In general, users can build applications under their home directory or other space owned by the users.
If an application will be used by several members of a group, the application can be installed in the user's group work space; GACRC can also help to set a shared directory for the group to host the application.
GACRC team takes requests to install applications at a central place (/apps) if the application satisfies the following conditions:
- The application is Linux compatible.
- The application has general interest among users.
- The application needs to be built with special settings, such as root privilege, shared common data set, complex structures, or other requirements.
- The application needs to be configured to integrate into the GACRC environment, such as queue settings or database connections.
Please use the GACRC Software Installation/Update online form to submit a ticket to GACRC team.
DO NOT install applications at login node
Login node has limited memory, most time the build fails due to insufficient memory. All of following installations are under qlogin environment.

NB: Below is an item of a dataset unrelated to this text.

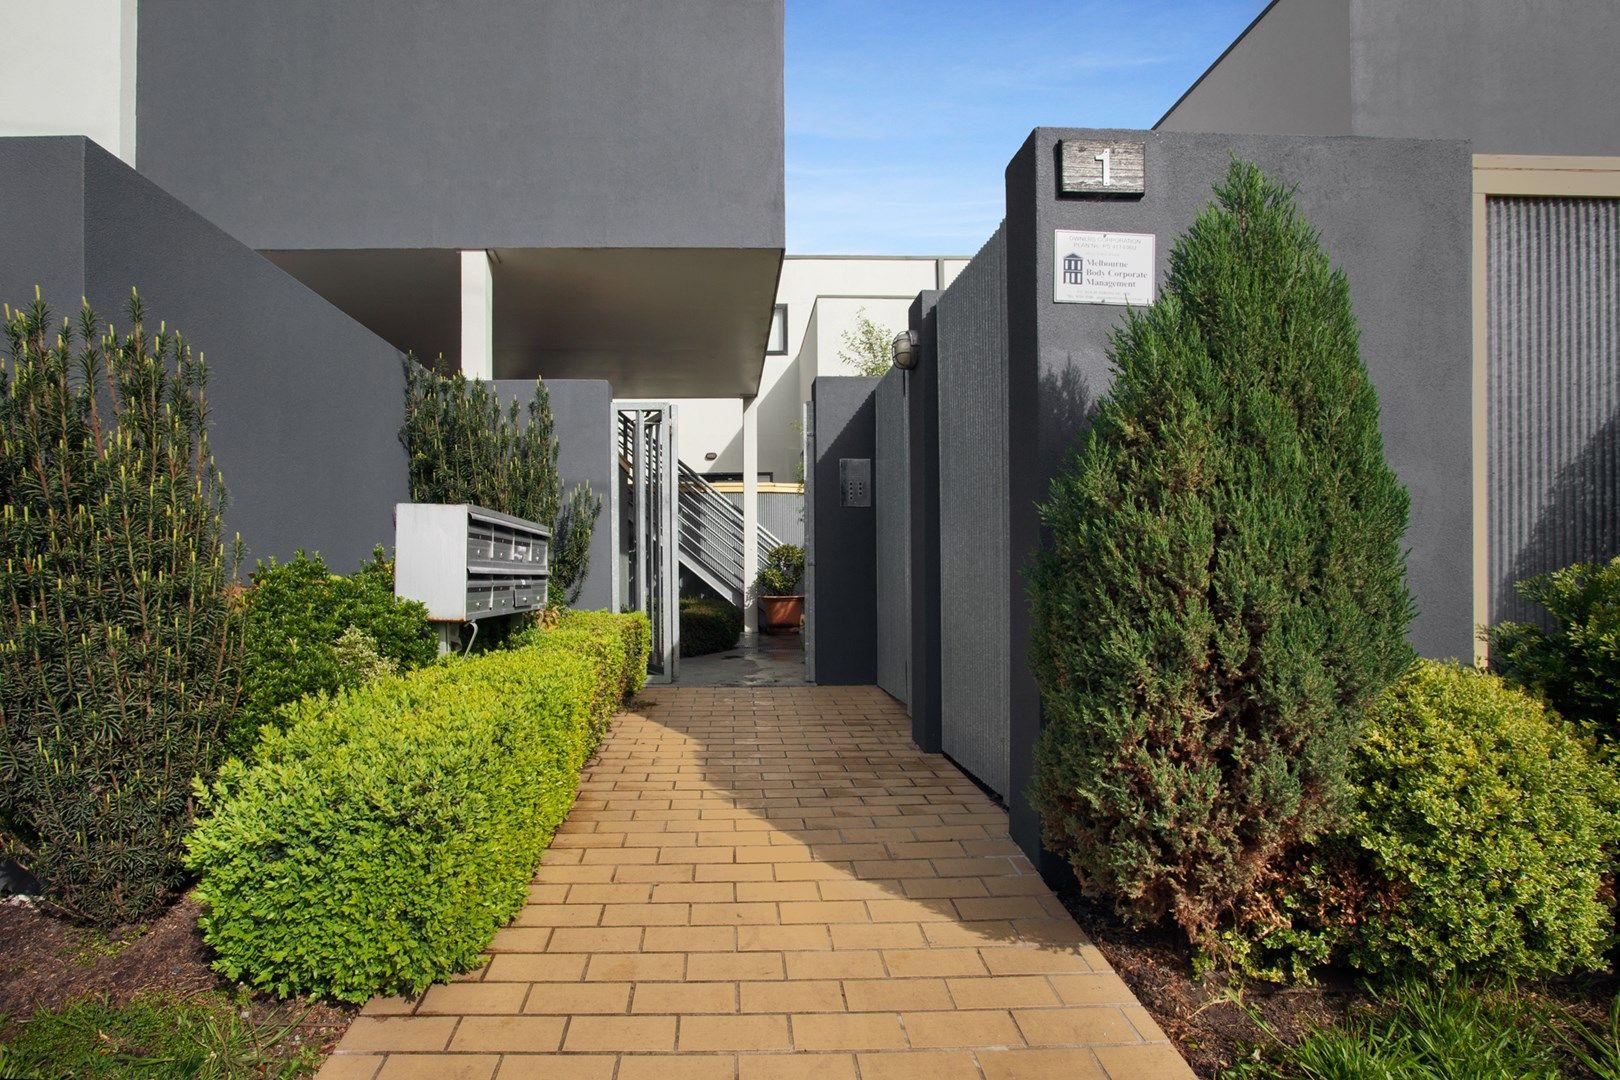 11/1 Kaye Court, Coburg VIC 3058, Image 0

How to check if an application is installed
To find if an application, e.g. Trinity, is already installed on Sapelo2, use the following command (the application name is NOT case sensitive):
module avail trinity
or
module spider trinity
To see a description of the module (the application name is case sensitive)
module whatis Trinity
To see configuration details, e.g., environment variables, of the module (the application name is case sensitive)
module show Trinity
How to check if a library is installed
Perl
To check if a perl library is installed, e.g. DBI, first load the Perl package of interest, for example Perl/5.30.0-GCCcore-8.3.0:
module load Perl/5.30.0-GCCcore-8.3.0 perl -MDBI -e 'print "OK\n"'
If the library is not installed, it will warn that the library is not in the path. Otherwise, it will print OK.
Python
To check if a Python library is installed, e.g. numpy, first load the Python package of interest, then run "pip show" or "pip list" commands. The Linux command "which" is to identify if pip is in place. In the following example, we use Python/2.7.16-GCCcore-8.3.0:
module load Python/2.7.16-GCCcore-8.3.0 which pip pip show numpy
To list all installed libraries with their versions:
module load Python/2.7.16-GCCcore-8.3.0 pip list
To generate an alphabetical list of the libraries installed under a Python version:
module load Python/2.7.16-GCCcore-8.3.0 pip freeze | sort
For Python3, some versions have both pip3 and pip. pip3 is the Python3 version of pip. If you load Python3, run pip3, otherwise run pip. You can use "which" command to identify if pip3 is in place. For example:
module load Python/3.8.2-GCCcore-8.3.0 which pip3
Then check if a Python3 library is installed, e.g. using pip3:
module load Python/3.8.2-GCCcore-8.3.0 pip3 show numpy
To list all installed libraries with their versions:
module load Python/3.8.2-GCCcore-8.3.0 pip3 list
To generate an alphabetical list of the libraries installed under a Python version:
module load Python/3.8.2-GCCcore-8.3.0 pip3 freeze | sort
If the library is not installed, it will not be shown by pip or pip3 commands. Otherwise, pip or pip3 will give you information about libraries' version and installation location.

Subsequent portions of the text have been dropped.